Activity 2: Disappearing Drainage - the Incredible Shrinking Everglades Watershed


This activity will introduce students to the drastic changes in the Everglades watershed. They will use their understanding of the historic changes in the watershed to help them predict what the Everglades watershed will be like in 2010. This activity will also introduce them to changes in land use in the Everglades watershed area.


  • original and present Everglades watershed maps (see Student Packet),
  • string,
  • rulers,
  • graph paper,
  • tag board or cardboard for mounting,
  • cutouts of historic and present day Everglades watershed, and
  • balance.


  1. Ask students to examine the two watershed maps provided in the Student Packet. Ask them to compare the maps, then list changes in the Everglades watershed from the original to the present day. Changes include the decline in watershed area, the addition of agriculture, the loss of wetlands, and the introduction of Water Conservation Areas.

  2. Open a discussion of the changes in the watershed configuration and how these changes might be results of the impact of human settlement on the Everglades. Have the students brainstorm reasons why the watershed configuration has been changed.

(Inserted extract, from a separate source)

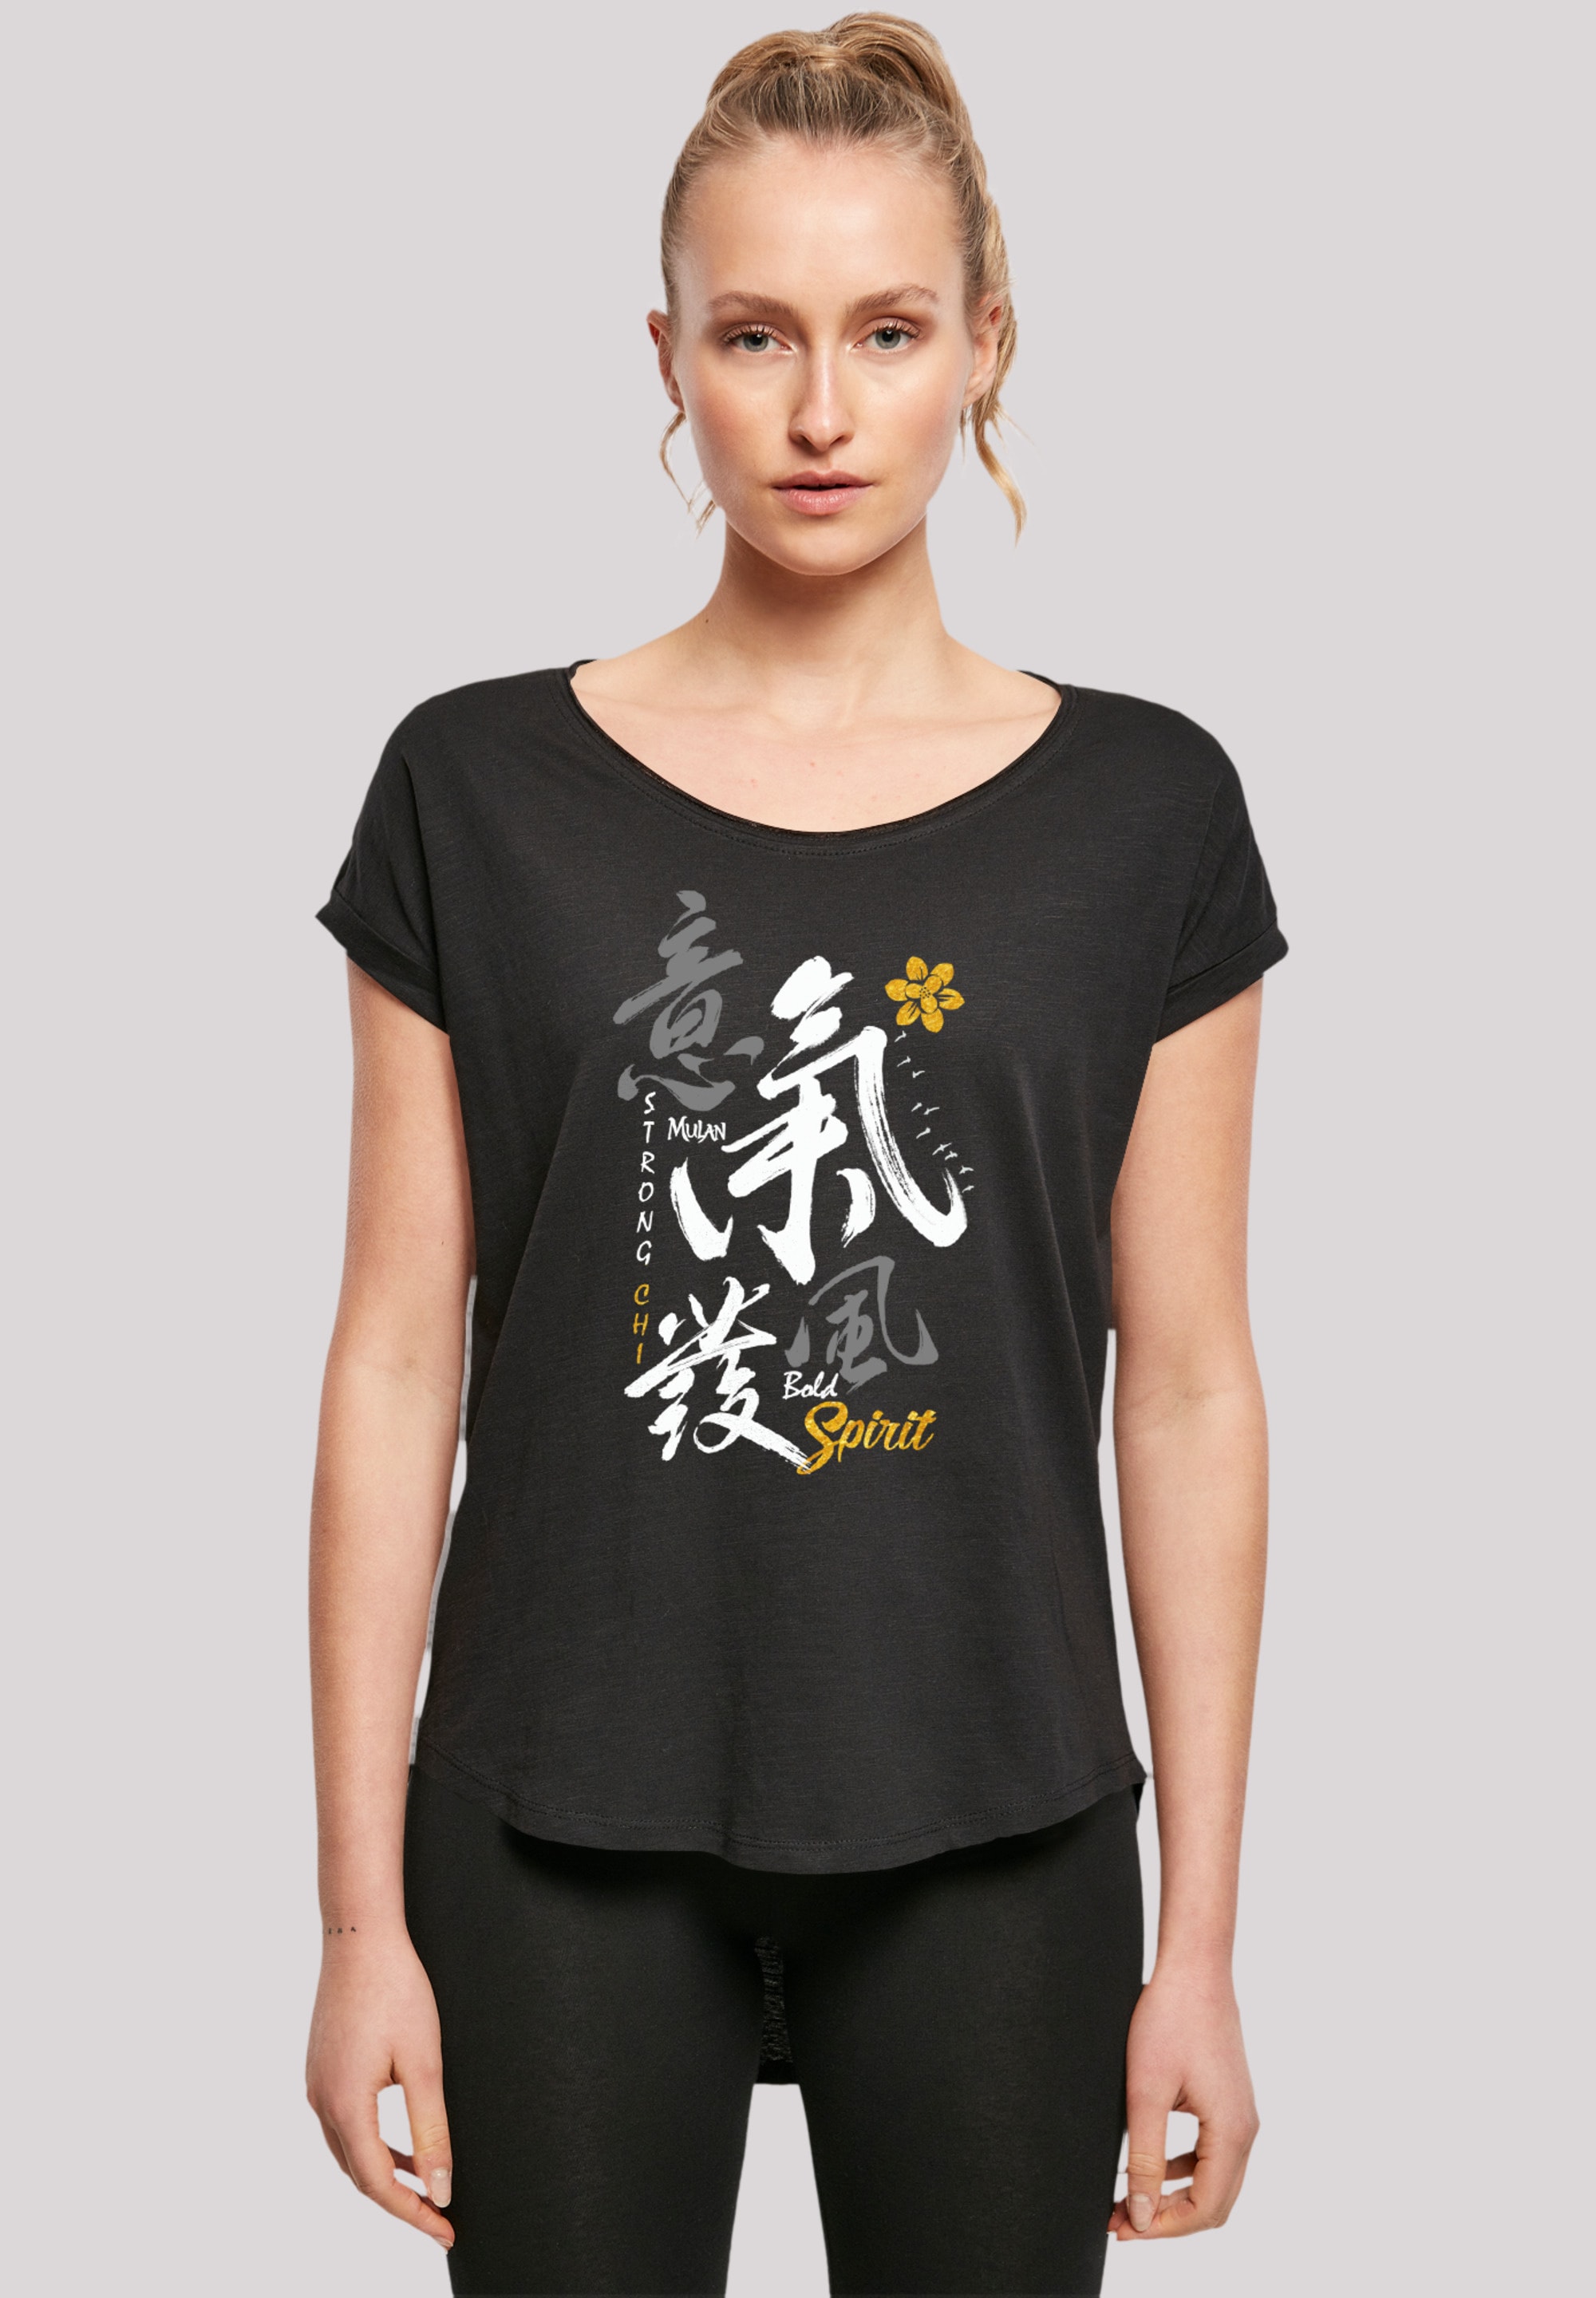 Mulan online walking »Disney Spirit«, T-Shirt kaufen Bold | Qualität Premium I\'m F4NT4STIC

    Note: Hold this discussion before students read the Student Packet text about the history of the Everglades.

    Tell students that their next task will be to determine the change in area of the Everglades watershed. Have students brainstorm about ways they can calculate the difference in the areas of the original and present watershed. Once they have generated a list of methods for calculating the areas, have students work in pairs or small groups to determine the change in watershed area. Have each group try a different technique from the list.

    Possible methods for determining the change in the area of the watershed include the following:

    • Use string to create shapes within the watershed that students will be able to calculate the area for.

    • Put the graph paper on top of the watershed map. Trace the outlines of the current and historic watersheds. Count the squares within the traced outlines. Compare the numbers of squares.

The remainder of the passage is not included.